Nothing like a little bit of treason to demonstrate your patriotism. Perhaps they should talk to a few people in Montgomery, Alabama, who had to have the National Guard come and tell them to obey the law, or else.

Why is it that in the face of overwhelming evidence that something is harmful to us or tacitly wrong, we cling to our predispositions even to our own peril – physical, economic, ethical, otherwise?

One reason may be that we have an inherent desire to believe the best about people especially if they are our friends or professional colleagues.

Inversely, it is our propensity to believe the worst about someone who does not fall within our circle of good graces.

But do either of these inclinations pass muster when it comes to finding out truth about someone or the systems they operate in?

Everyone can understand that people intuit an overall sense of goodness or badness in people they encounter. We get a sense that someone is “a good person.” Sometimes we have a gut adverse reaction to someone, warning us: Be careful, that is “a bad person.”

But such obtuse characterizations should make us nervous. They leave too much to interpretation that could be right, or could very well be wrong. We need to call our knee-jerk responses into check.

Let me put some skin on this:

At the core of the debate over marriage there is an underlying overtone of condemnation for a group of people who do not confine it to the definition set forth by a church. This is a debate for the ages it appears but, and here is the crux, if a church is free to worship how it wants within the confines of the law, so is everyone else. Freedom of religion also means freedom from religion. And when a court comes along with a ruling consistent with constitutional law and civil liberty, the people who defy it do so somewhat at their own peril. Because it is the very freedom they enjoy which they seek to erode. Furthermore, what happened to love the sinner, hate the sin?

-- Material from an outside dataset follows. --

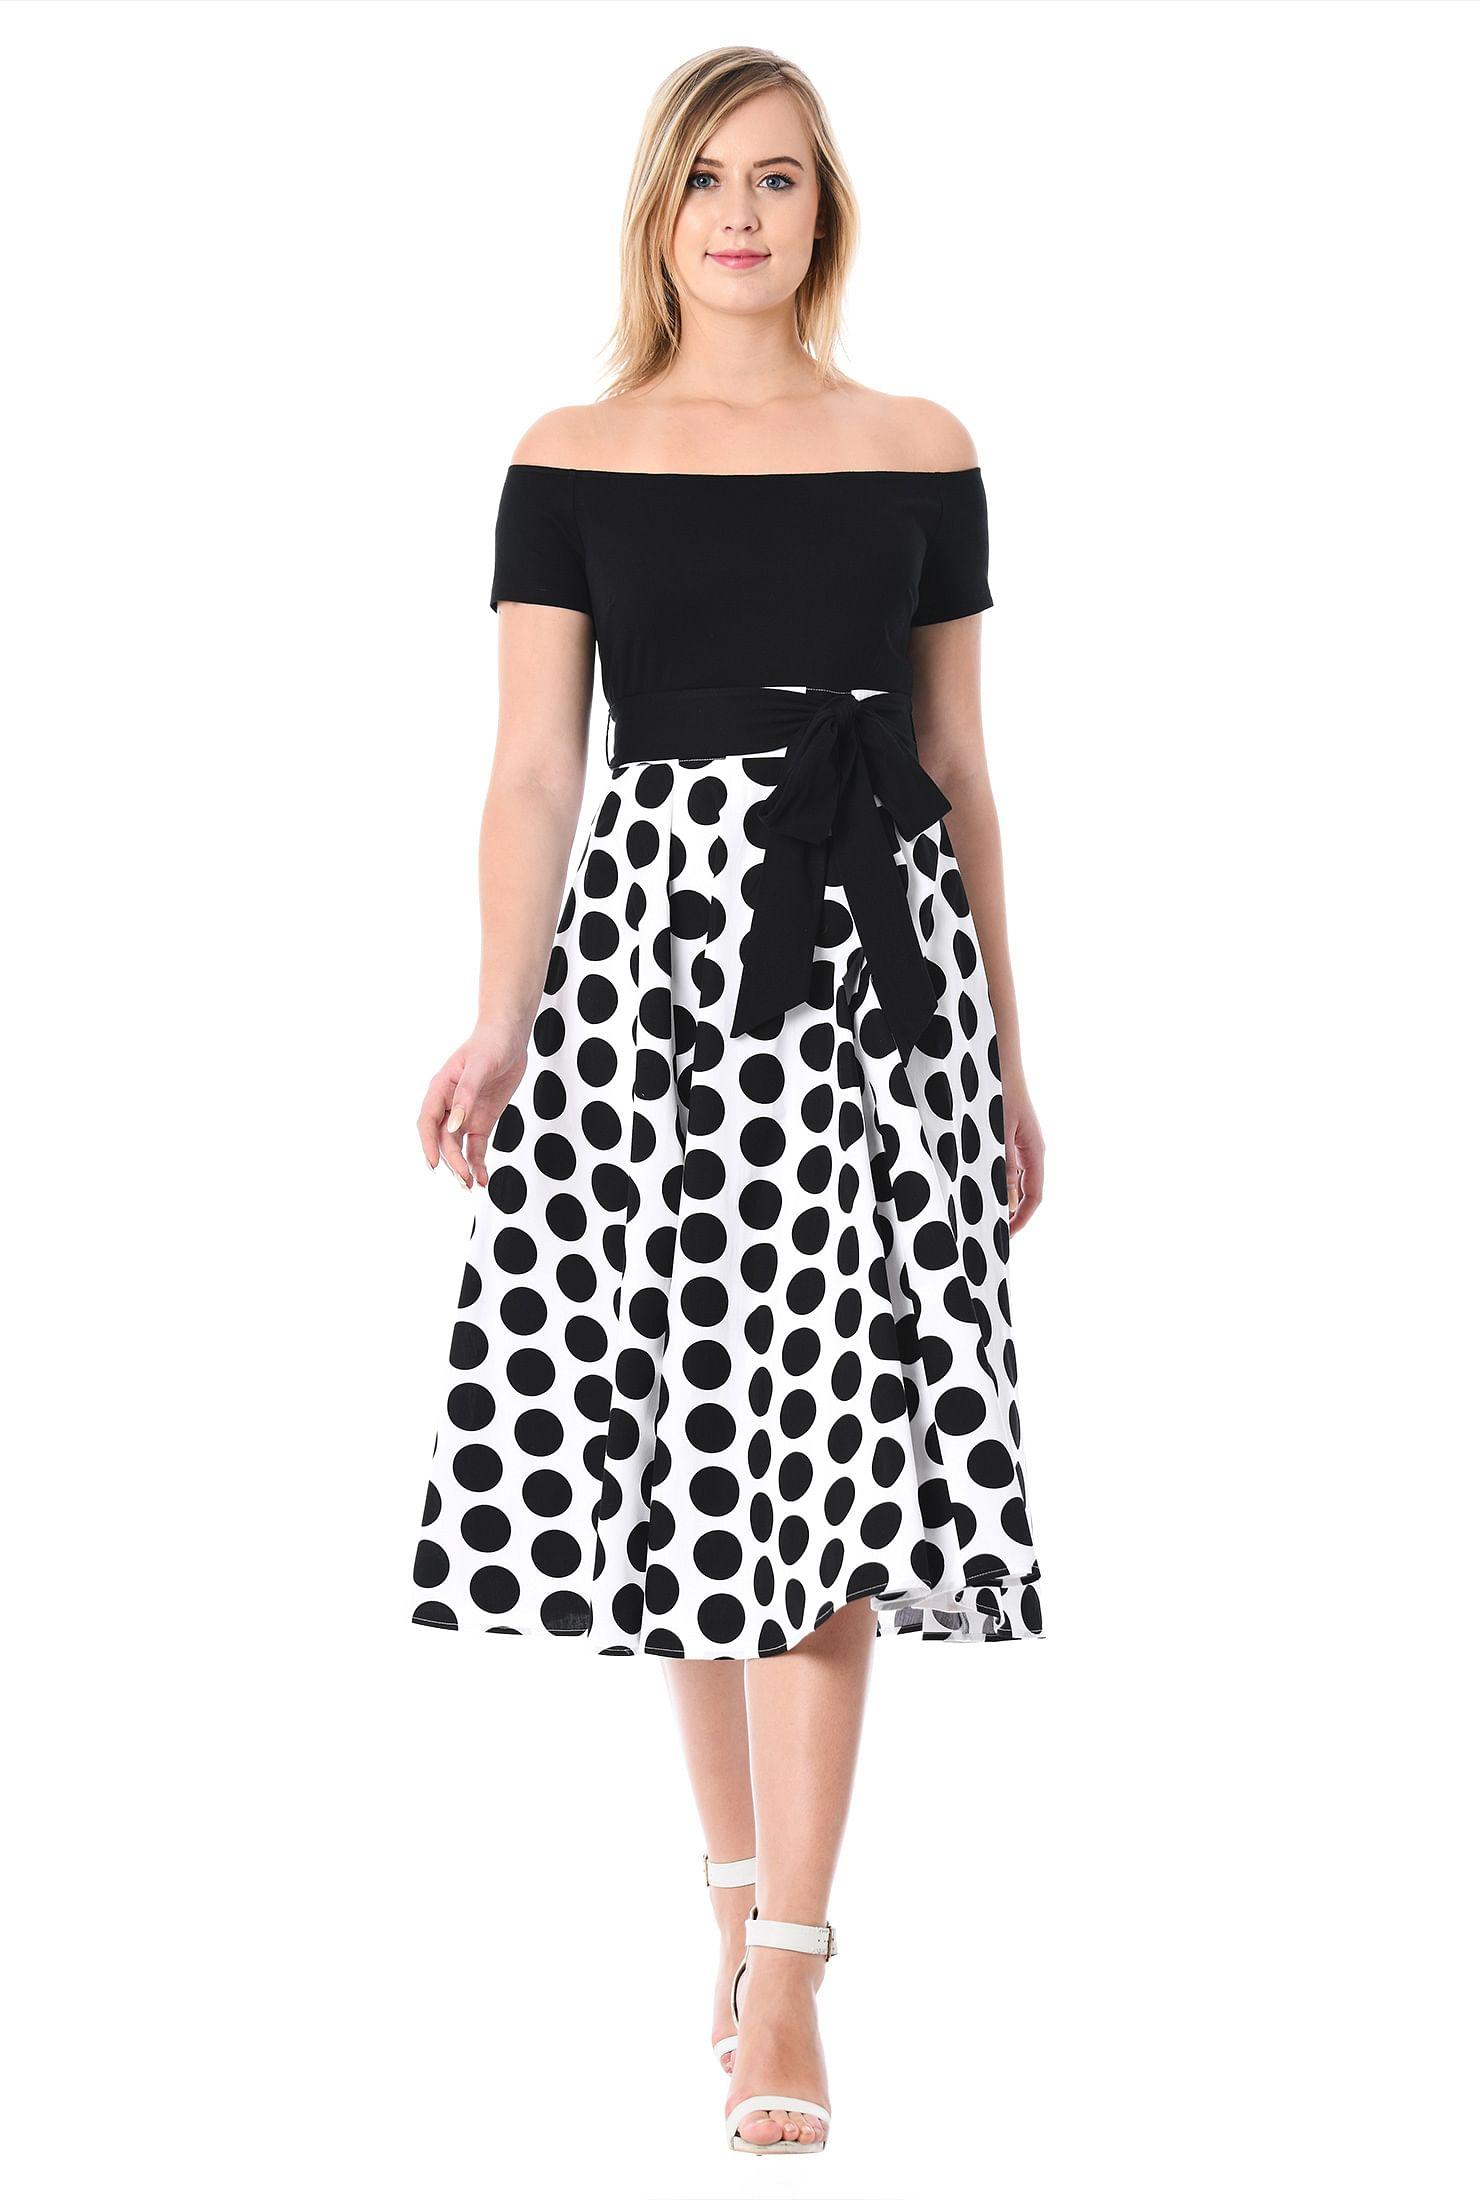 Off The Shoulder Polka Dot Print Mixed Media Dress
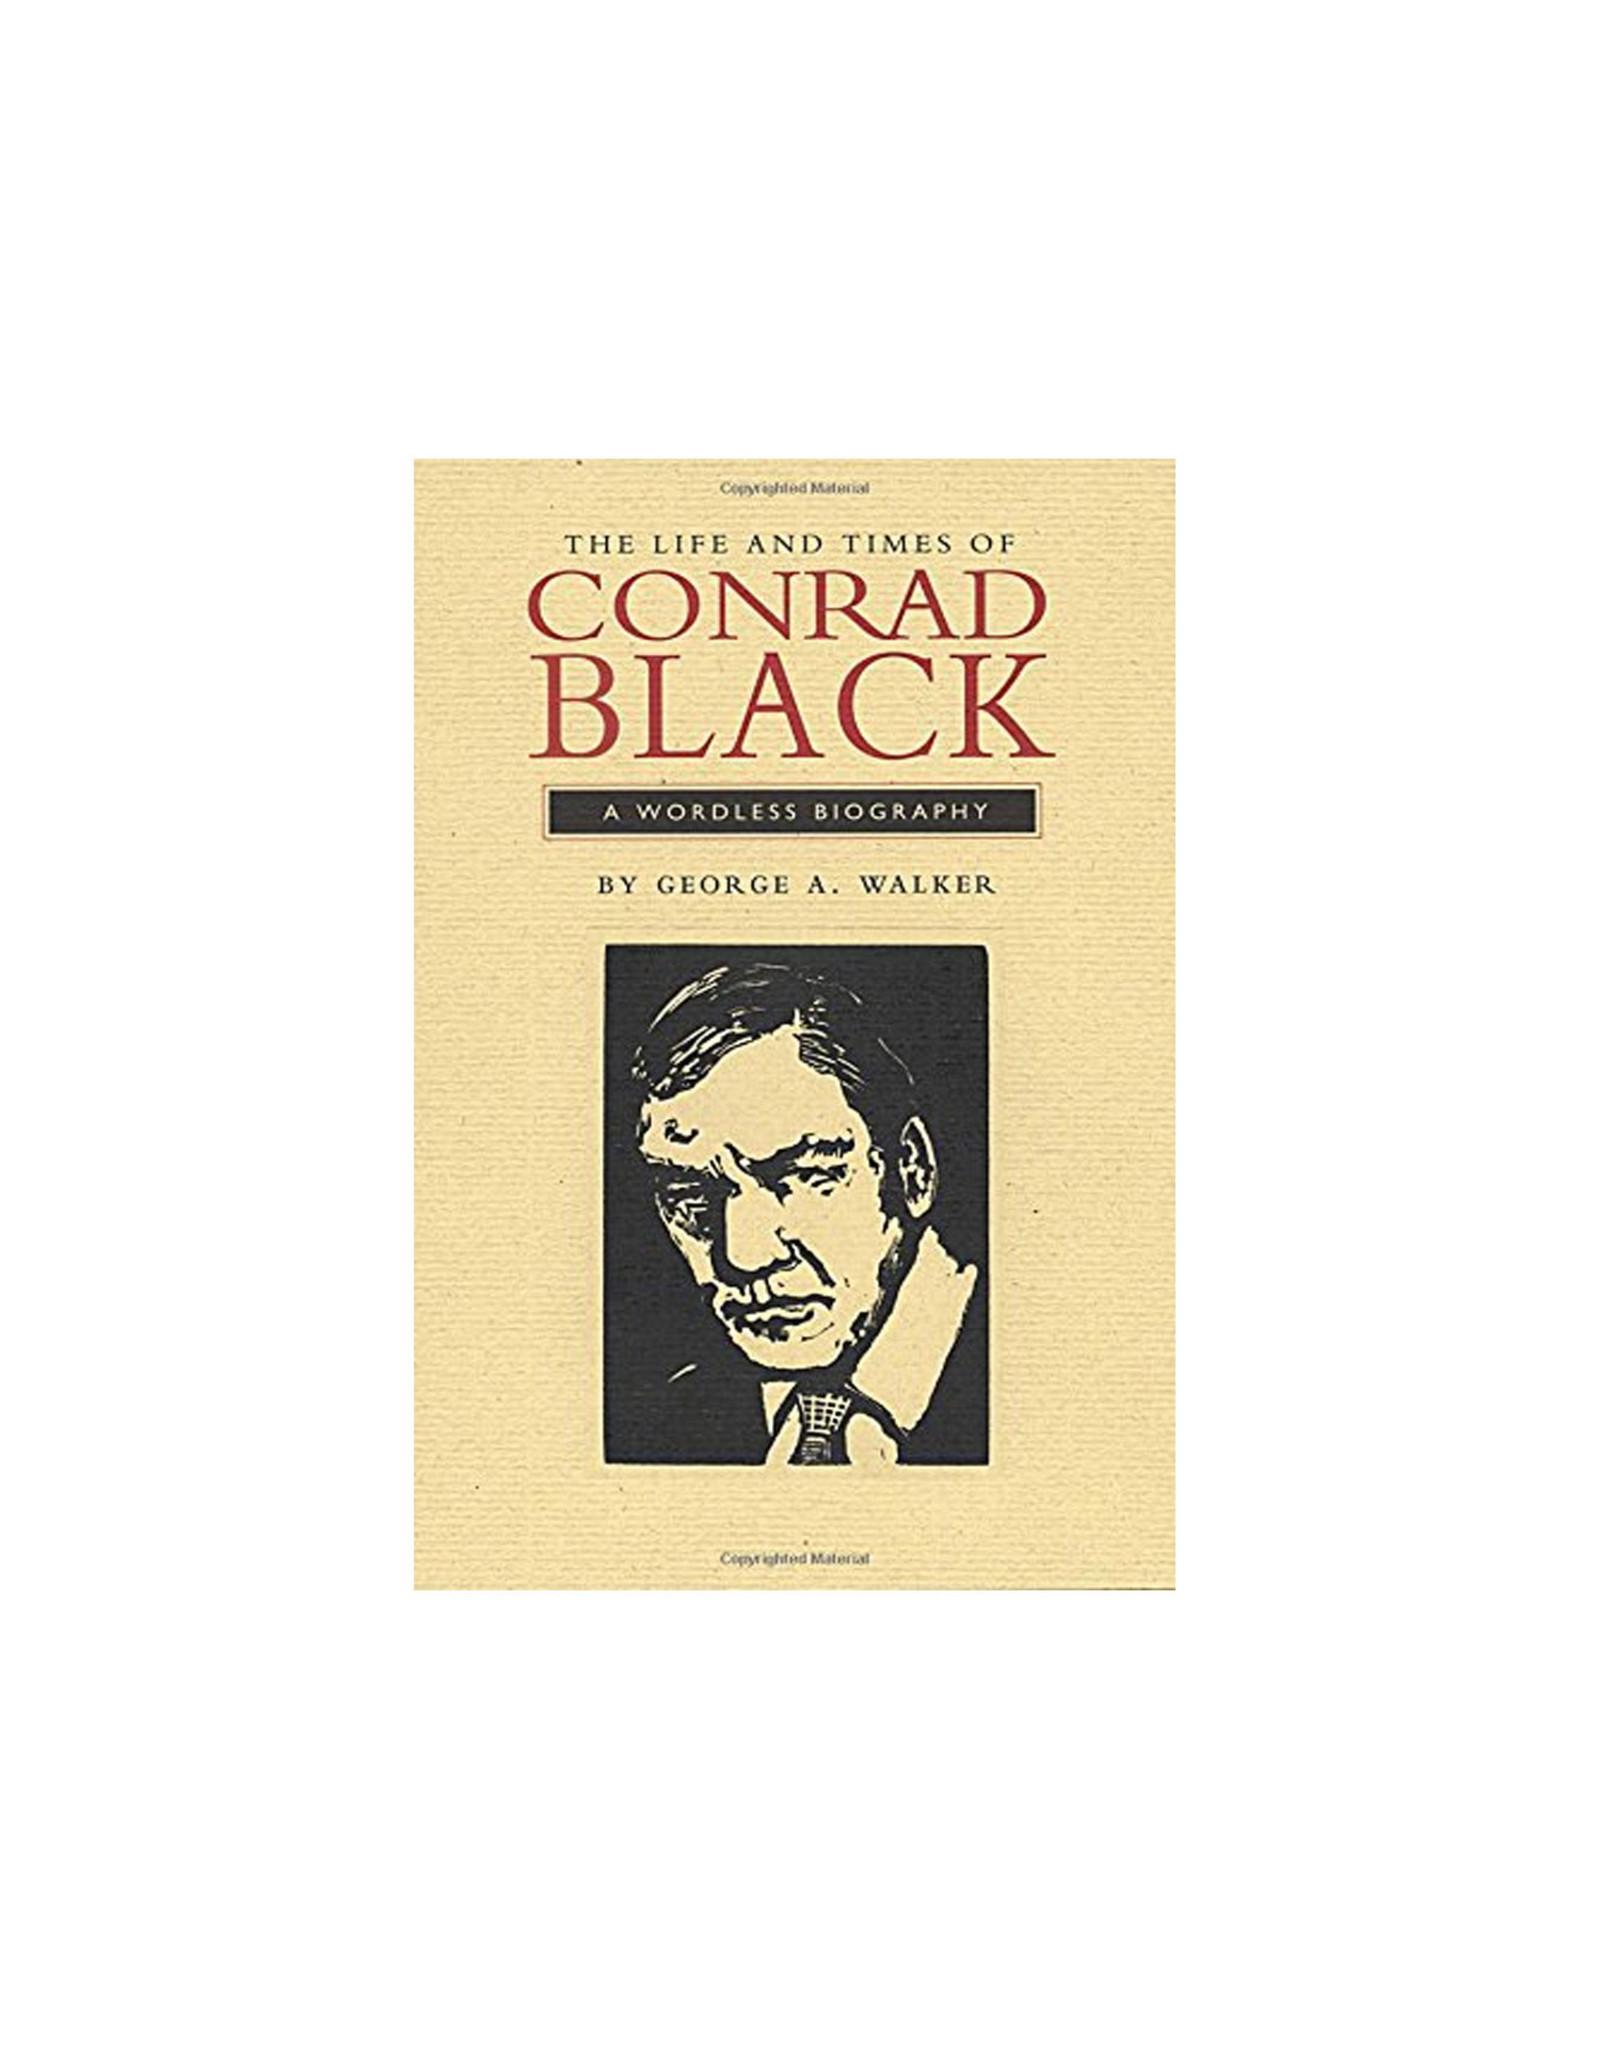 Conrad Black: A Wordless Biography

As Sam Harris said: “It does not occur to them they are conditioned to a response or brainwashed. They would fight their would-be liberators to the death. They are held prisoner twice over by tyranny and by their own ignorance.”

This of course is a current and relevant example intended to paint a picture of something quite real and quite close to home.

Here at home, in the U.S. and right here in St. George, there are instances where power and position are equated with things like God, wealth, or affiliation – things that, under even the slightest bit of scrutiny, fail any version of a legal litmus test in our country. Yet, calm as Hindu cows, we stand by and watch almost without being phased.

The code enforcement division of St. George and the administrative court itself appears to be operating from a position of self-appointed authority whereby Fourth and Fourteenth Amendment rights are discarded in favor of “good intentions.”

So long as it does not negatively impact us directly, we live content to remain uninvolved. Apathetic even.

But here’s the thing, when another person’s rights are infringed upon, so are yours. It may take time to see the effect of it but it happens in real time right before your eyes. Because, by remaining silent, by presenting defense in spite of wrongdoing just because the offender is our friend, we in essence give permission to have wrongs done to us.

And as time passes, the system that allows this to happen becomes more autonomous and more powerful. But make no mistake, the system is not our friend. It does not have our best interest at heart.

In the movie, “The Matrix,” Morpheus says:

“The Matrix is a system, Neo. That system is our enemy. But when you’re inside, you look around, what do you see? Businessmen, teachers, lawyers, carpenters. The very minds of the people we are trying to save. But until we do, these people are still a part of that system, and that makes them our enemy. You have to understand, most of these people are not ready to be unplugged. And many of them are so inured, so hopelessly dependent on the system, that they will fight to protect it.”

Look around you. Do you see anything nationally or locally that resembles this fictional portrayal of the world and its machinations? (Think First, Second, Fourth, and 14th Amendments.)

And if so, what are you prepared to do about it?

Good advice would likely be not to allow it. Pain would be realizing that we had allowed it and, although it is said it is never too late, the hour is late and the dilemma is ever present.

The battle that is waging over gay marriage will define Utah for years to come. One way or another.

See you out there.

Dallas Hyland is an opinion columnist. The opinions stated in this article are his and not representative of St. George News.

Email: [email protected]

Twitter: @dallashyland

Copyright St. George News, SaintGeorgeUtah.com LLC, 2014, all rights reserved.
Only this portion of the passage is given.